─── SUPPLIED DATA ───

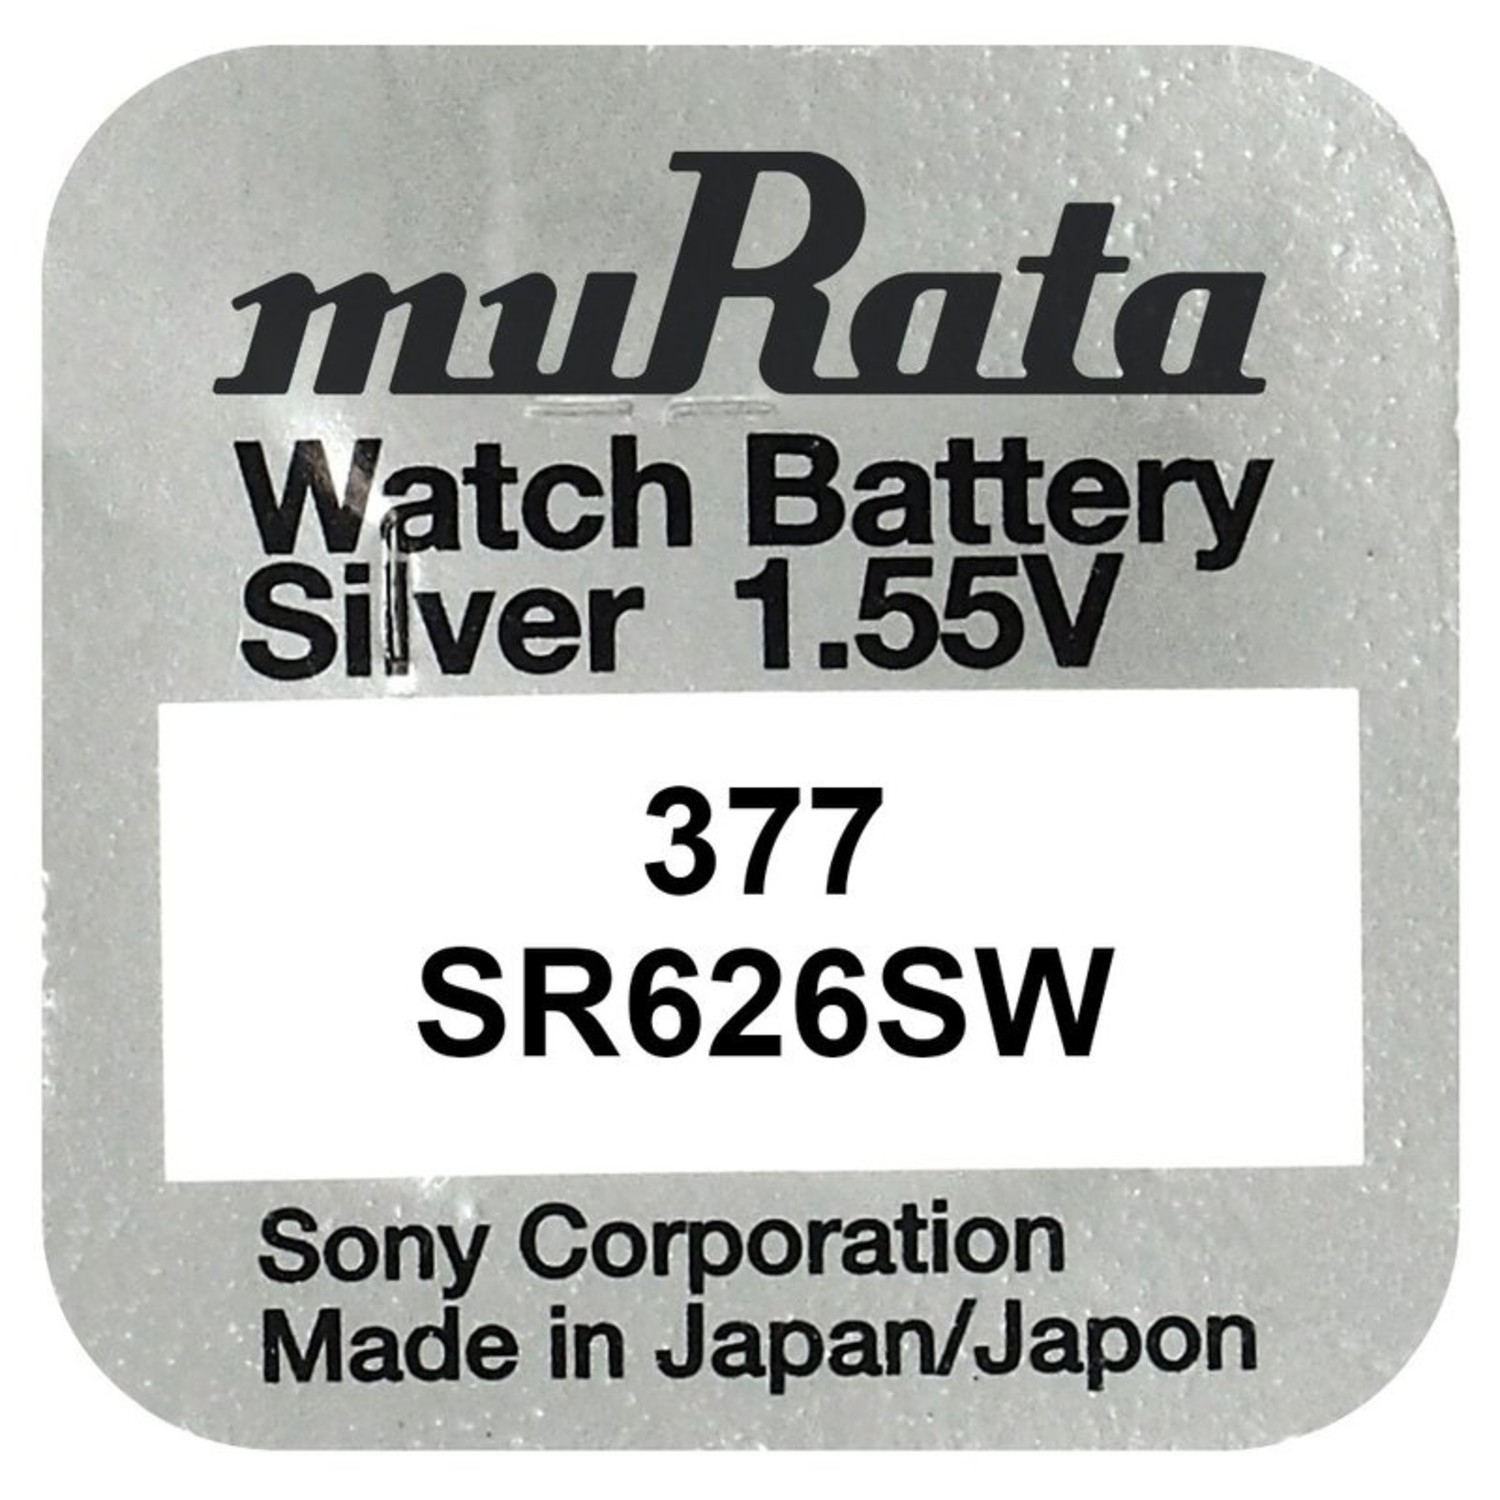 vorst Waarschijnlijk servet 377 horloge batterij SR626SW Murata - Beterbatterij
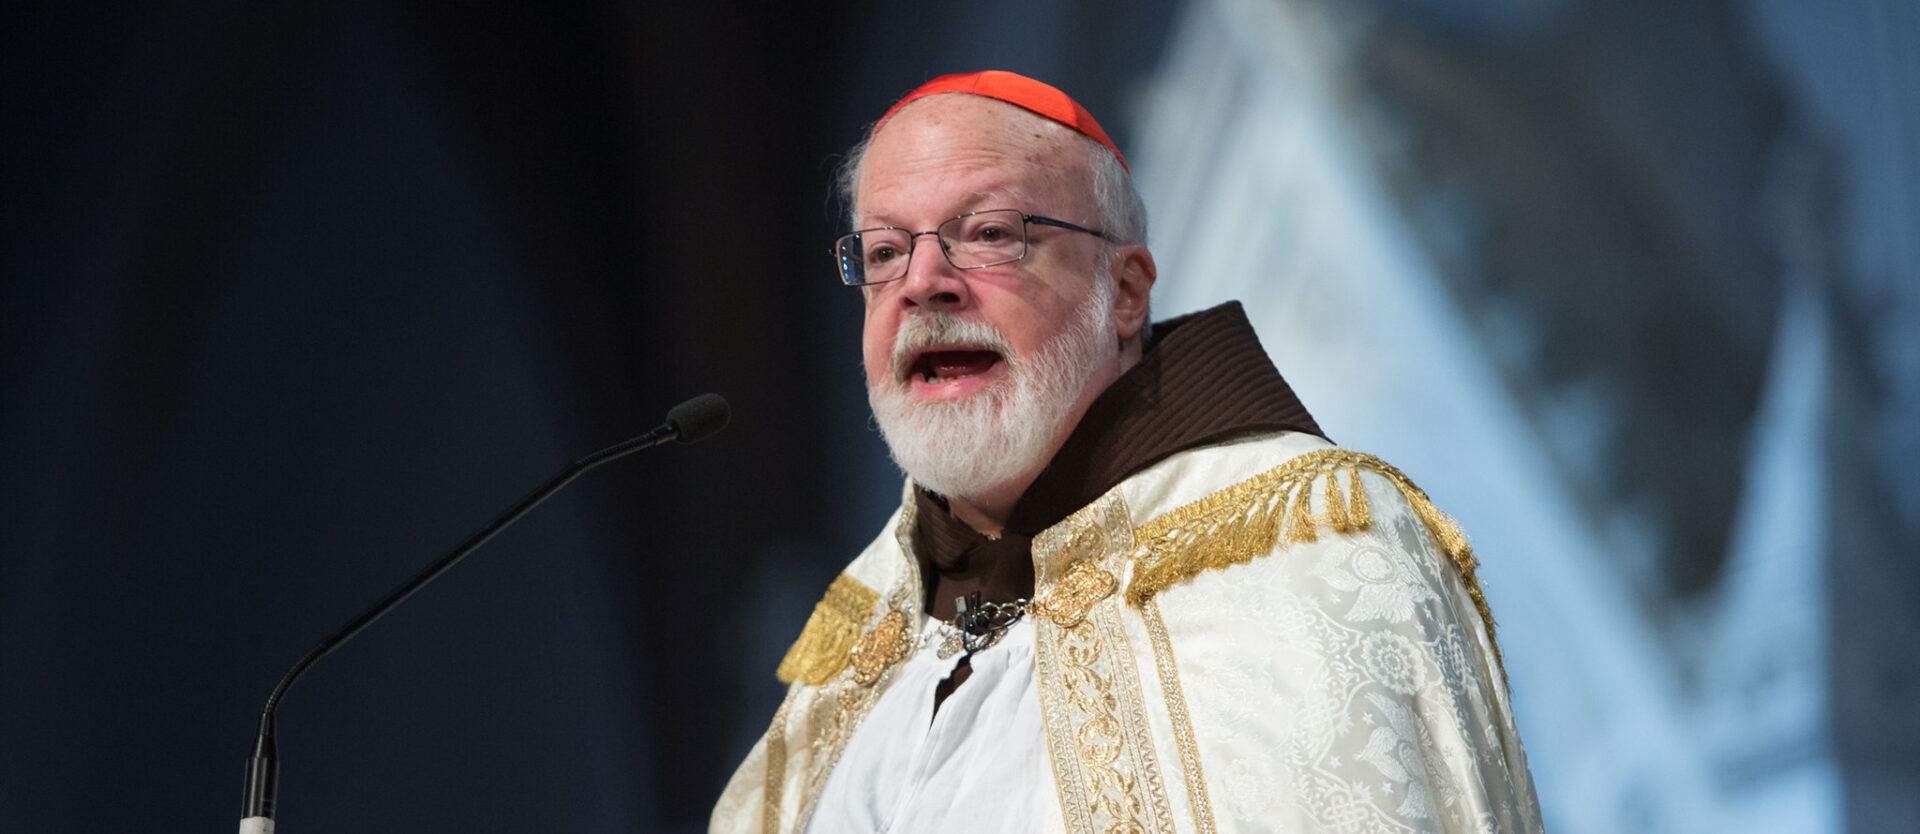 Le cardinal Sean O'Malley, archevêque de Boston, est accusé d'avoir été négligent dans une affaire d'abus | © Archdiocese of Boston/Flickr/CC BY-ND 2.0
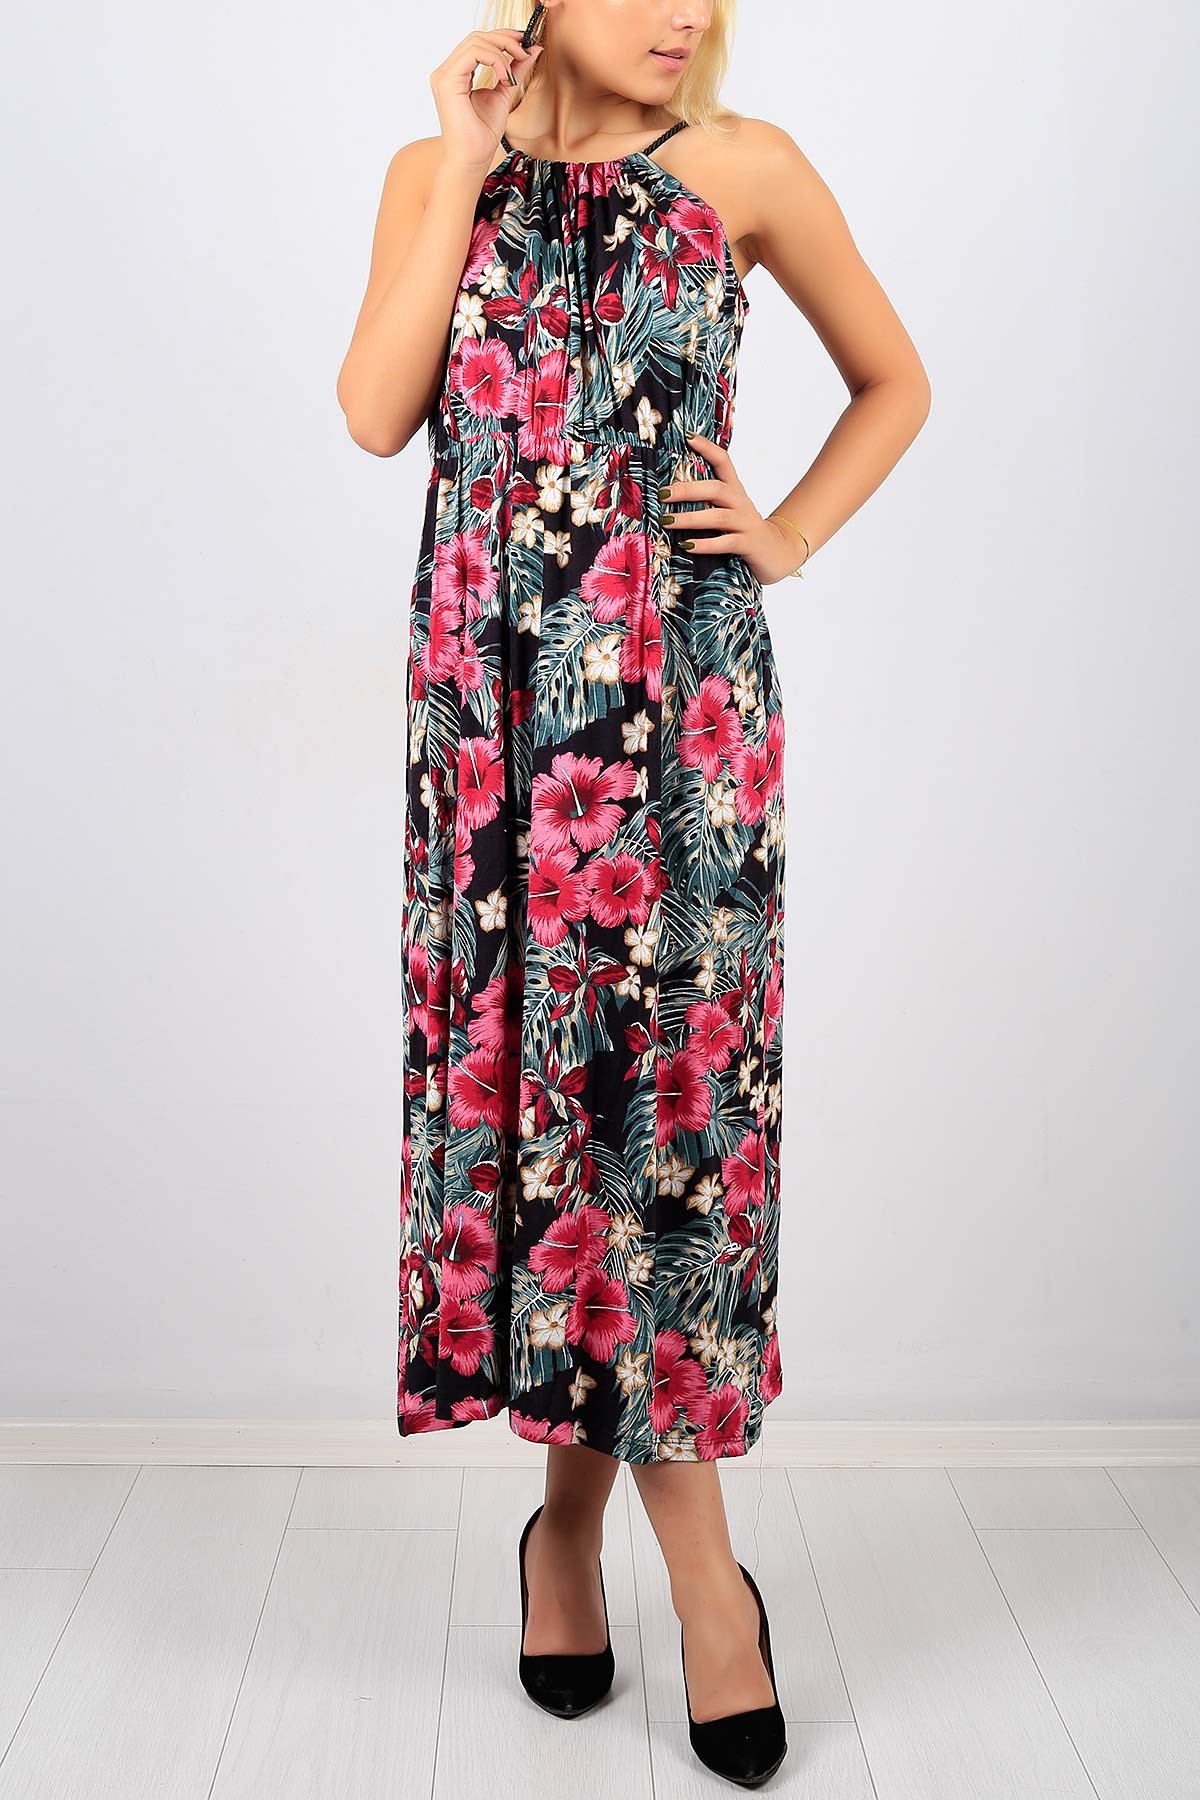 Askılı Çiçek Desen Bayan Elbise Modeli 8753B

───

= AIM OF THE TASK =
When repeating the material above, keep every line exact and drop all pictures.

= TASK OUTPUT =
 vorst Waarschijnlijk servet 377 horloge batterij SR626SW Murata - Beterbatterij
 Le cardinal Sean O'Malley, archevêque de Boston, est accusé d'avoir été négligent dans une affaire d'abus | © Archdiocese of Boston/Flickr/CC BY-ND 2.0
 Askılı Çiçek Desen Bayan Elbise Modeli 8753B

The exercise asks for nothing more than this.